Cynthia Kurtz said...

(second part)

On the other hand, freedom isn't the only thing worth having. A great story-based game can tell you stories that penetrate your life. There was this great series called King's Quest back in the 90s. In one game I met a super nasty bad guy, with horns and hoofs and minions and brick red skin. He grabbed me up in his giant taloned hand and snarled that if I could show him something that made him cry, he would not eat me. I looked into my inventory backpack thing and instantly knew the answer and the message. It was a perfect moment of communication between game designer and player. What did I show him? A mirror. What a story!

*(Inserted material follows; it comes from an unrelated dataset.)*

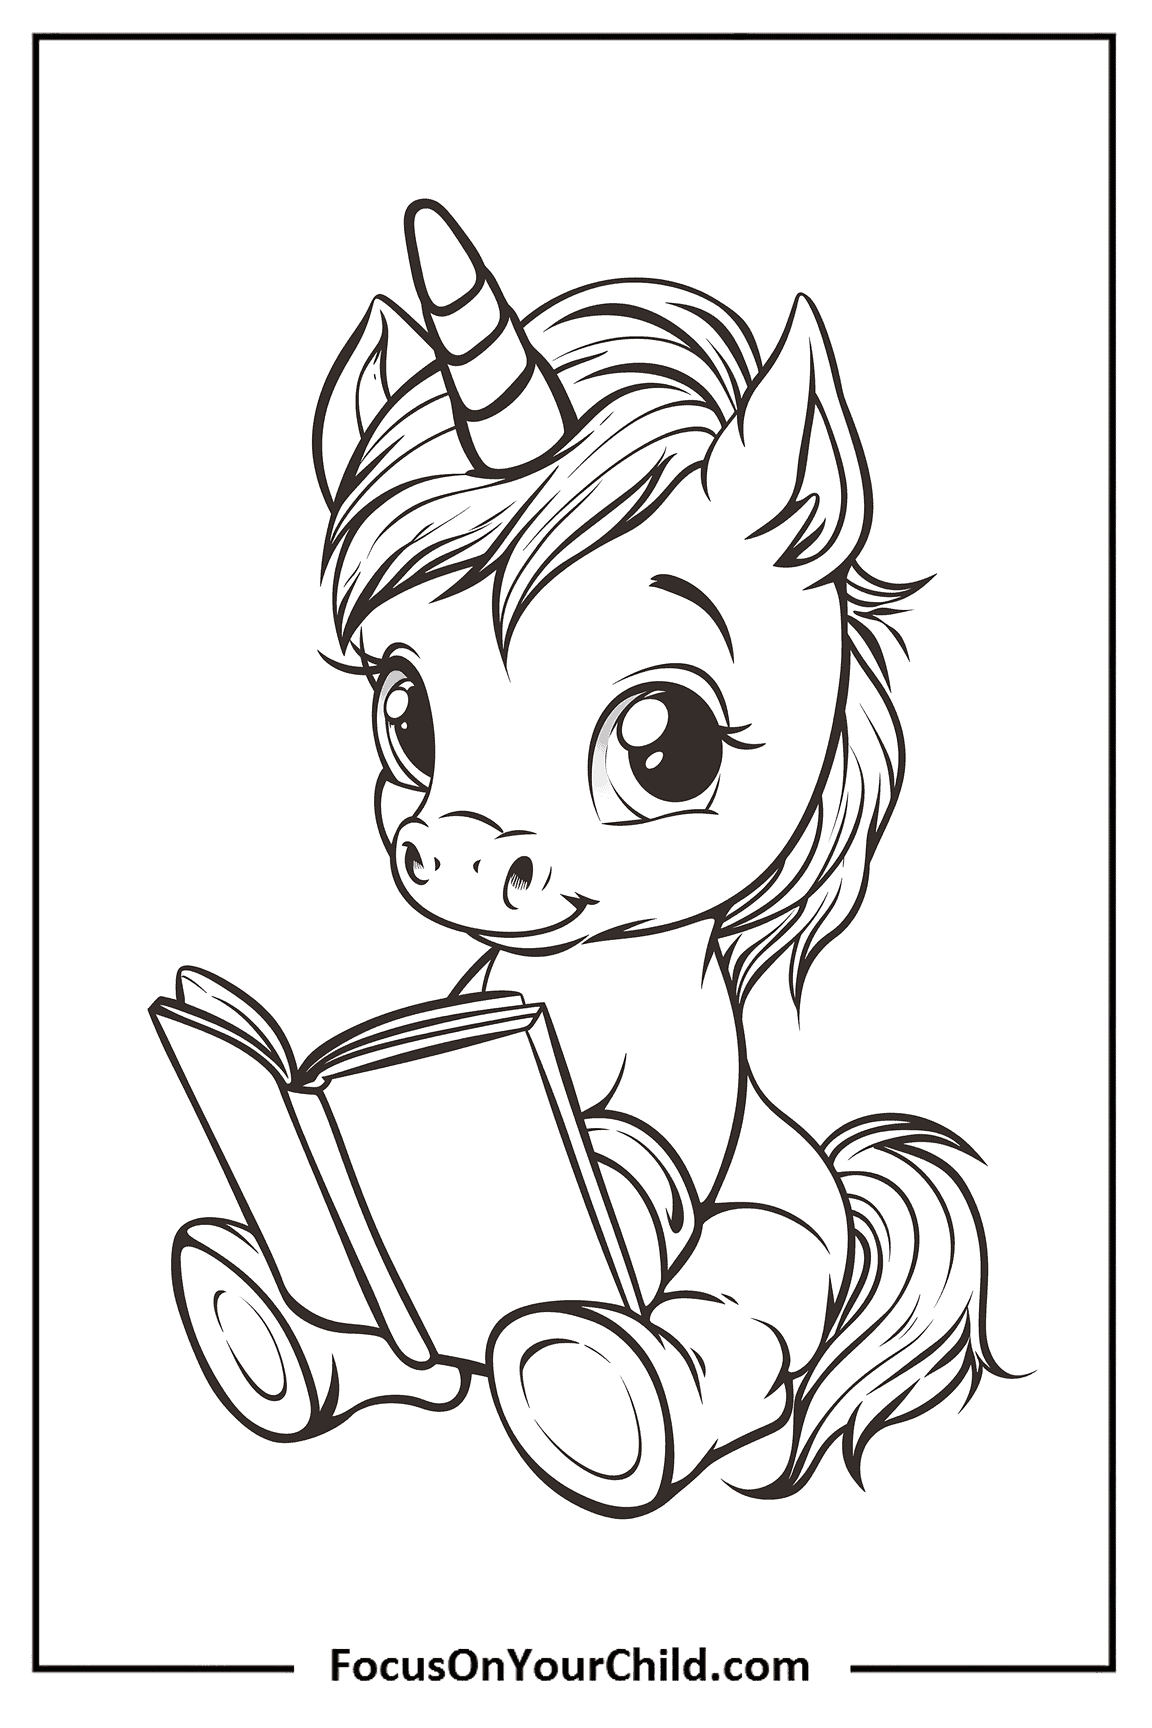 Adorable unicorn reading a book, promoting childrens literacy on FocusOnYourChild.com.
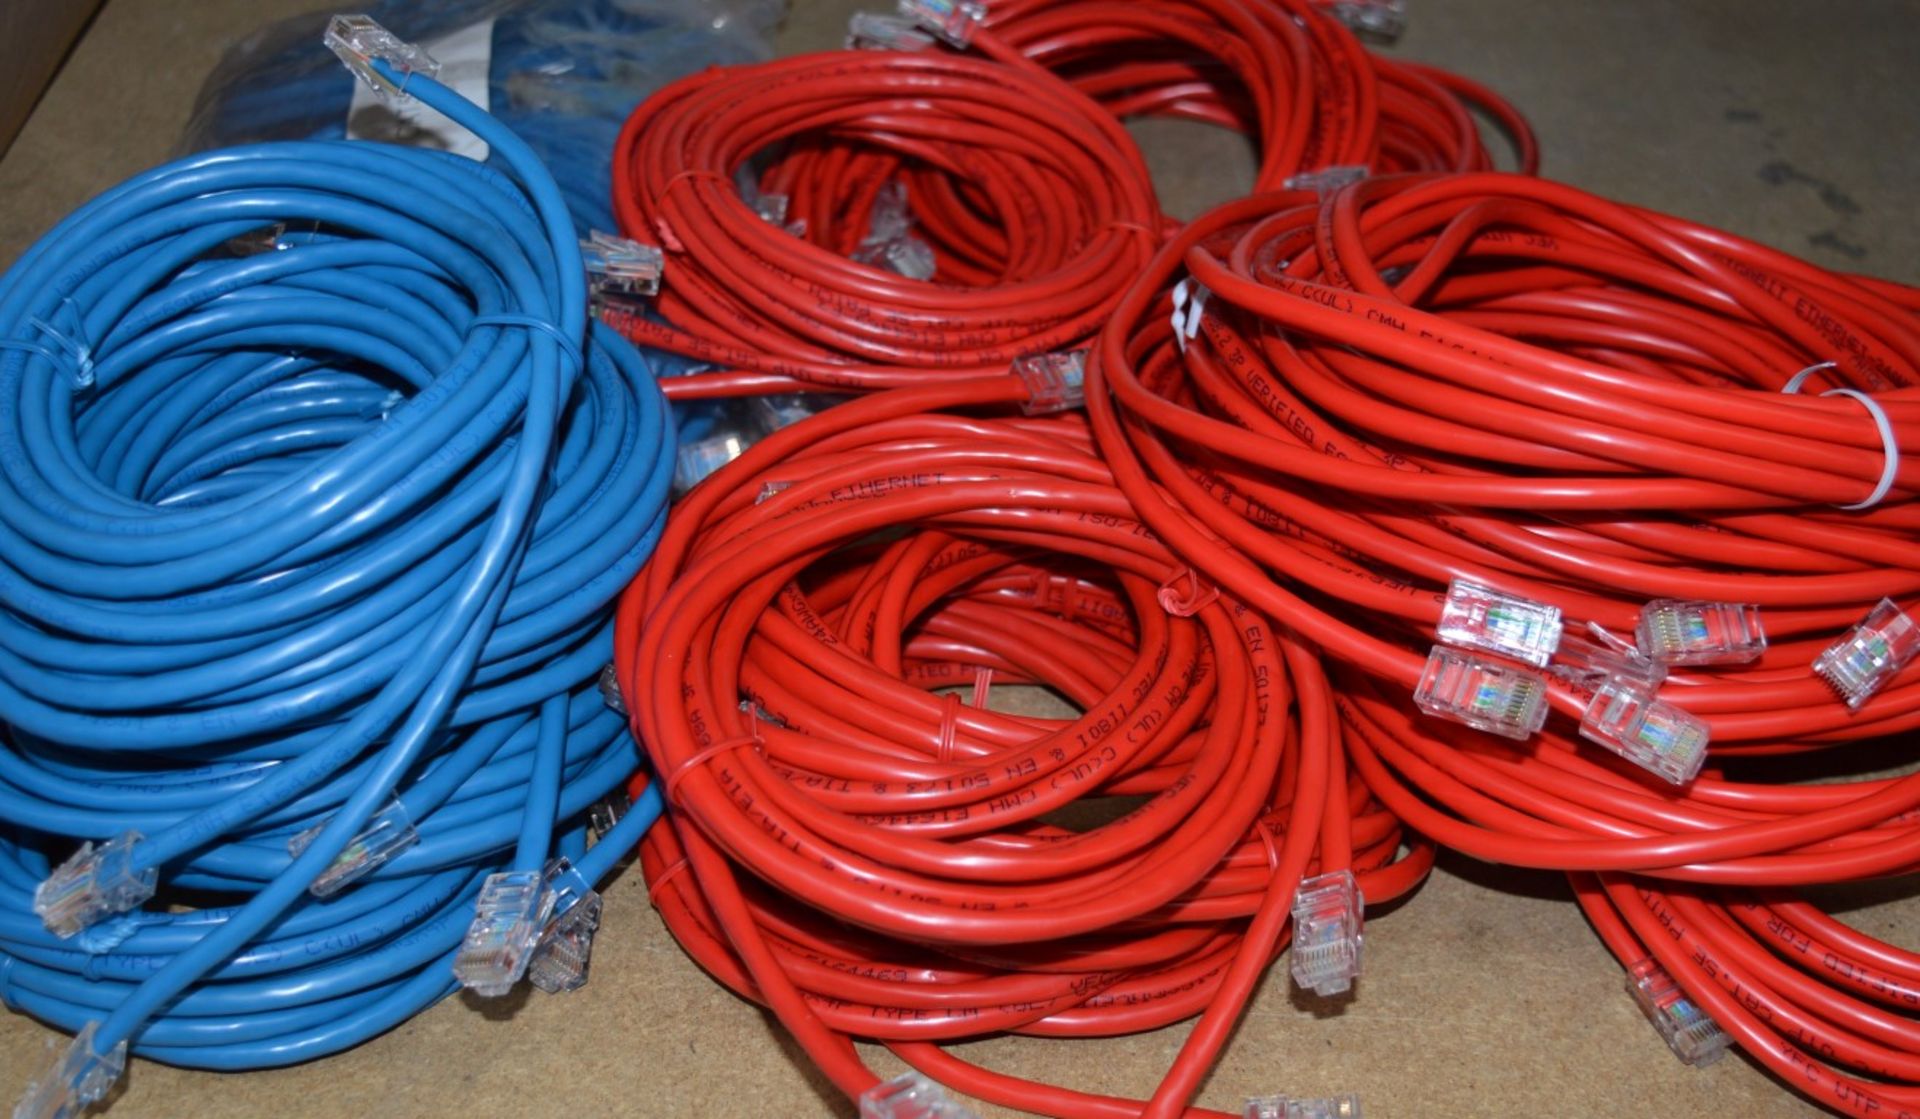 114 x CAT 5 ENB Ethernet Cables - Unused Stock - Purple, Blue, Red - Ref TEC 429/430 - CL106 -

There was another great moment in one of the Myst games, called Exile, where you were trapped in a world with a man who had been there alone for a decade and had slowly gone insane. At the end of the game you finally find your way to a portal, but the madman bars your way and tries to kill you. As my husband and I were playing it, we managed to defeat him and get to the portal, and the game was over and the credits rolled. But it didn't feel right. So I said, let's do that again. My husband was like, why? The game is over. I said, I want to try something. So I went back and played the last scene over and over. Finally I found a way to get to the portal, avoid killing the man, avoid him killing me, and allow him to use the portal as well. It took a lot of careful timing and ladder climbing. I didn't know if the game would even allow it, but when I at last managed it, my assailant dissolved into tears and thanked me over and over for helping him get home to his wife and child. It was another perfect message. I don't know how many people played that game and never knew you could save the madman, but somebody put that there for us to find. What a story!

I love that sort of story, but it's not one you build, it's one you take part in. And it's a rare find. Only a handful of games have ever pulled it off, as far as I know. So the best thing is to find a balance between building stories and taking part in stories others have built. When you can do both, probably the best sensemaking takes place somewhere between them.

Ooops that was long - you got me thinking! Thanks again.

Cynthia

Anonymous said...

I played Civilization on the computer before but I did like it as much as Age of Empire. Maybe because Age of Empire can be played in a quicker pace. But that just me.